▶ **EXCERPTED RECORDS**:
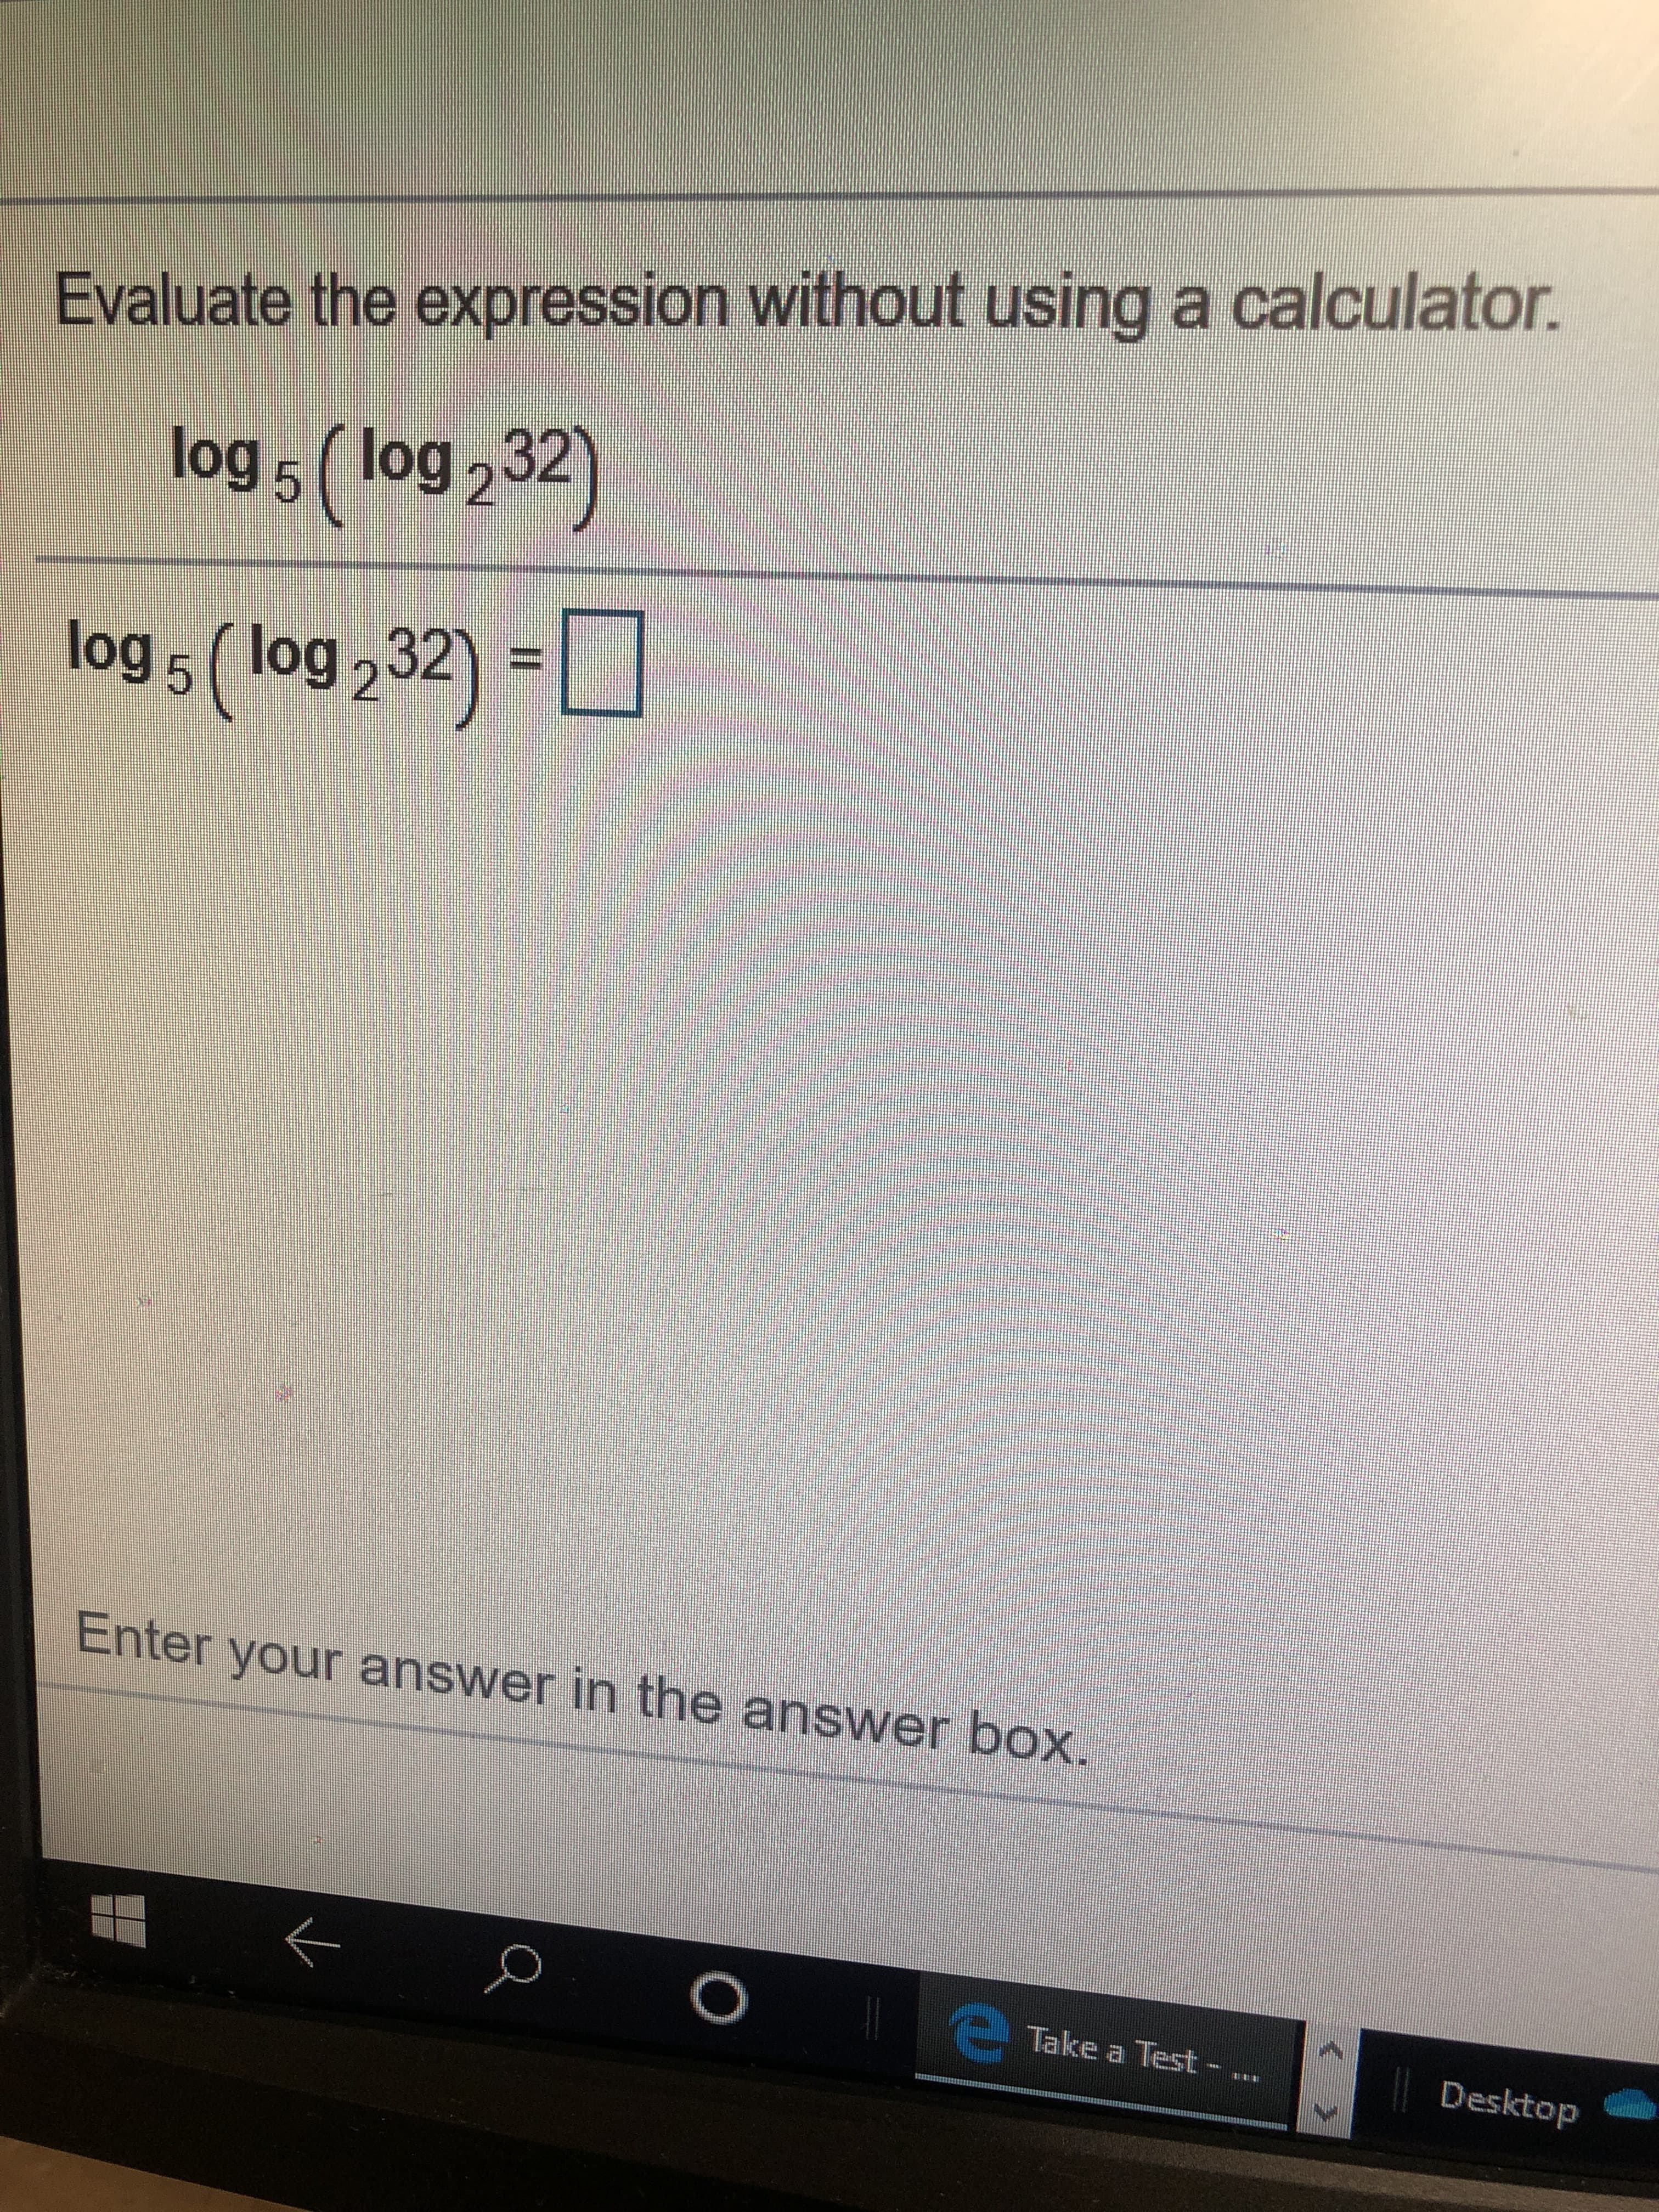 Evaluate the expression without using a calculator.
log5( log232
log 5 ( log 232)
Enter your answer in the answer box.
O
Take a Test- .
Desktop

▶ **EXERCISE DESCRIPTION**: Copy out exactly the lines from the line with "Enter your answer in the answer box." to the end of the listing, including both of those lines, and give nothing else.

▶ **RESPONSE FOR THIS EXERCISE**:
Enter your answer in the answer box.
O
Take a Test- .
Desktop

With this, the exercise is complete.